However, fuelled by large-scale data centre expansion, US electricity demand surged by 4.8% year on year in the first quarter. Despite a 44% increase in solar output during the same period, solar power could only meet one third of the new demand. Combined with falling natural gas usage, coal consumption spiked by 23% year on year, sparking industry concerns about grid strain and carbon emission rebounds.
As solar installed capacity continued to expand, its growth rate slowed to 36%, but supply capacity improved significantly. Combined output from small-scale and utility-scale solar has overtaken hydropower, reaching 90% of wind power generation. Small-scale solar rose by 11%, with substantial distributed generation directly offsetting part of end-user demand.

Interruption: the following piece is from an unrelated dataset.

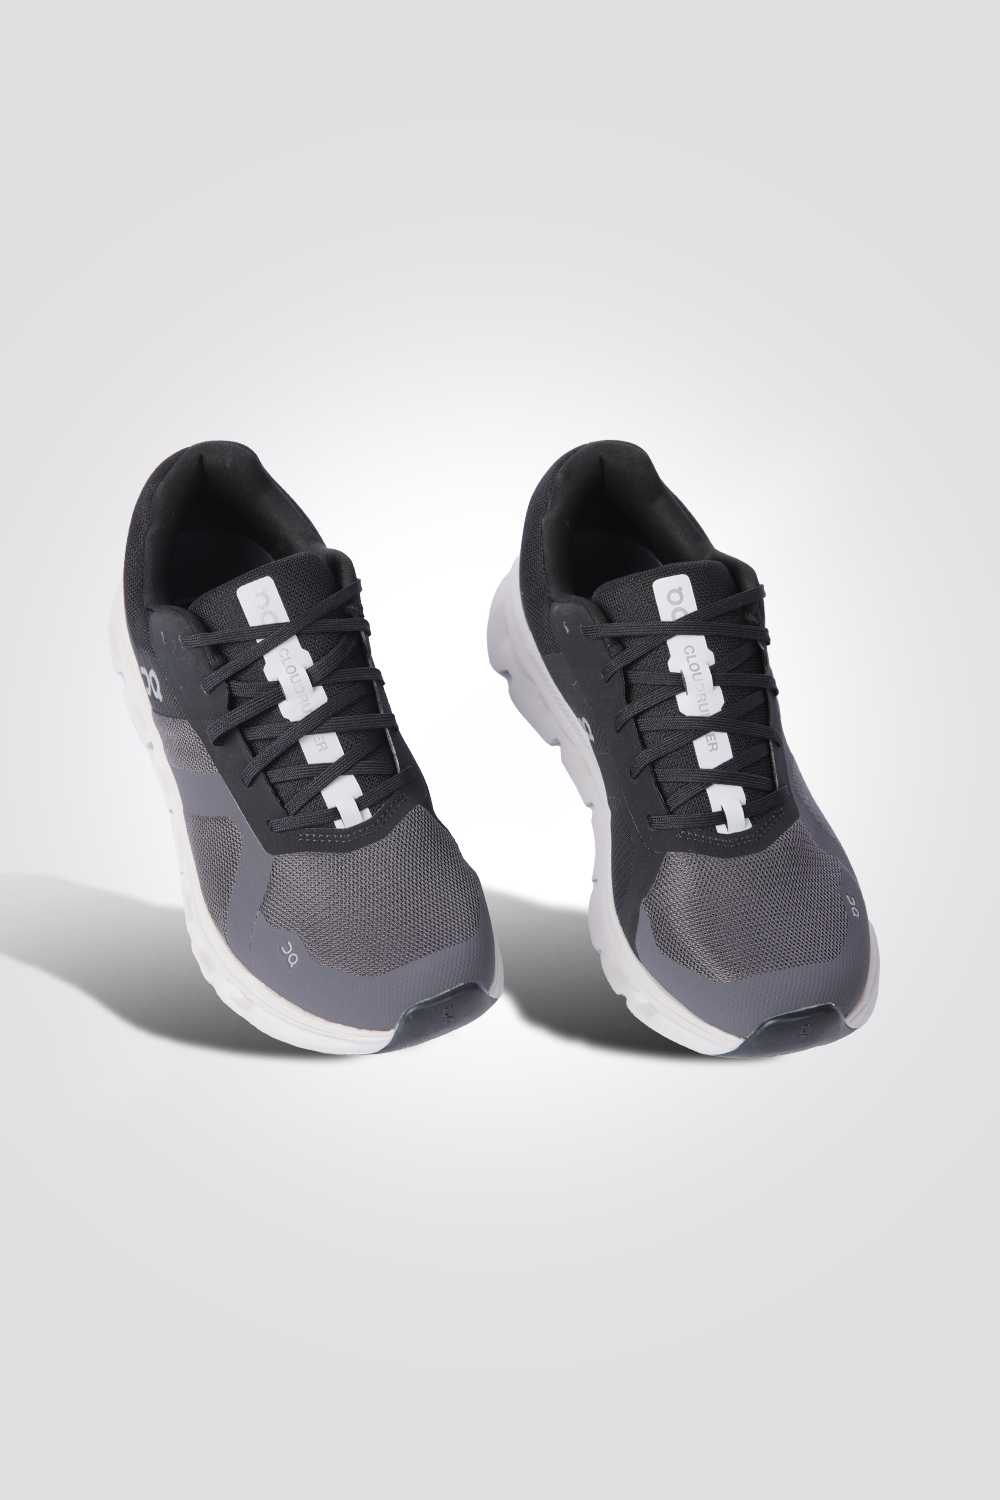 נעלי ספורט לגברים Cloudrunner בצבע שחור ואפור
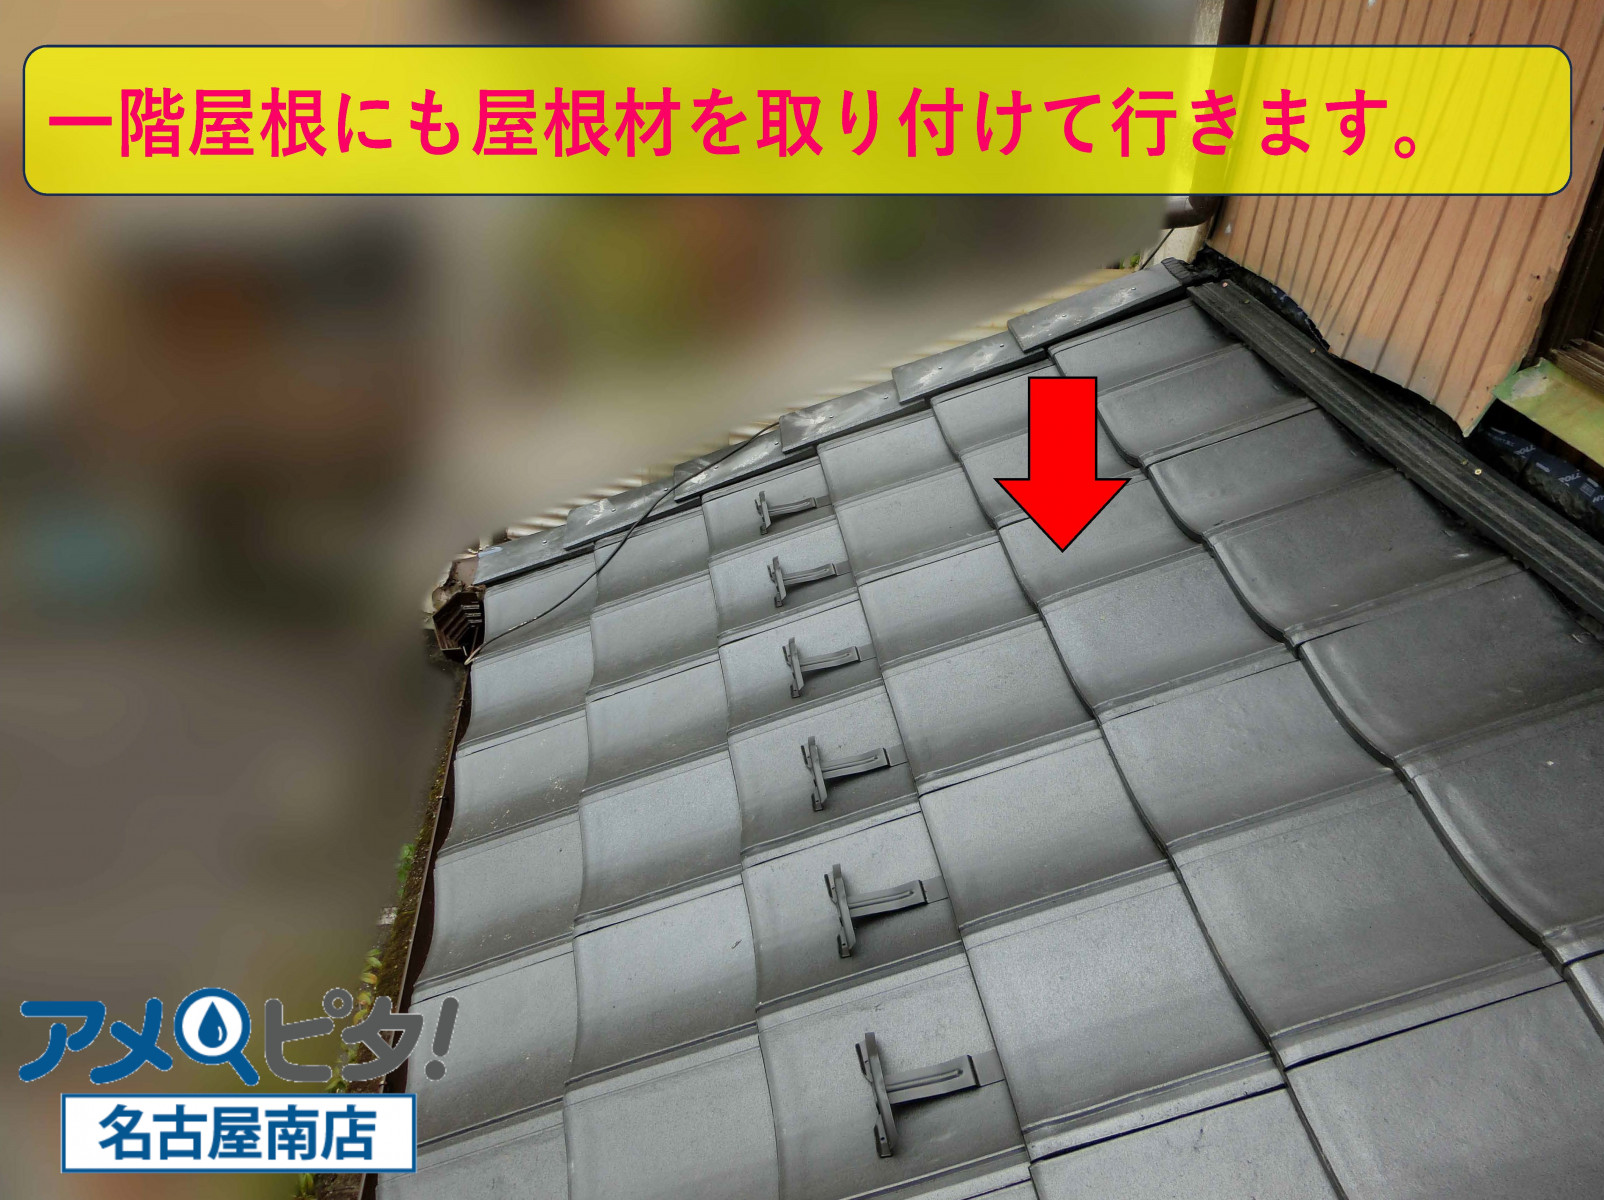 一階屋根にも同様に新しい屋根材で取り付けて行きます

California’s solar generation has doubled in the last five years. While the state’s electricity consumption surged by 8% in 2025, natural gas usage dropped by 17%. Solar oversupply in spring and autumn has driven the development of battery storage, which works by absorbing low-cost electricity during the day and releasing it at night, thus fully offsetting peak natural gas demand. California’s battery storage capacity now stands at 15,763 MW, which is a 1,944% increase since 2019.
The EIA predicts that solar power will surpass wind power within the next two years, at which point the combined generation of wind and solar power will exceed that of nuclear power. In 2025, solar accounted for over half of new US power installations, with zero-emission sources making up 90% of the total.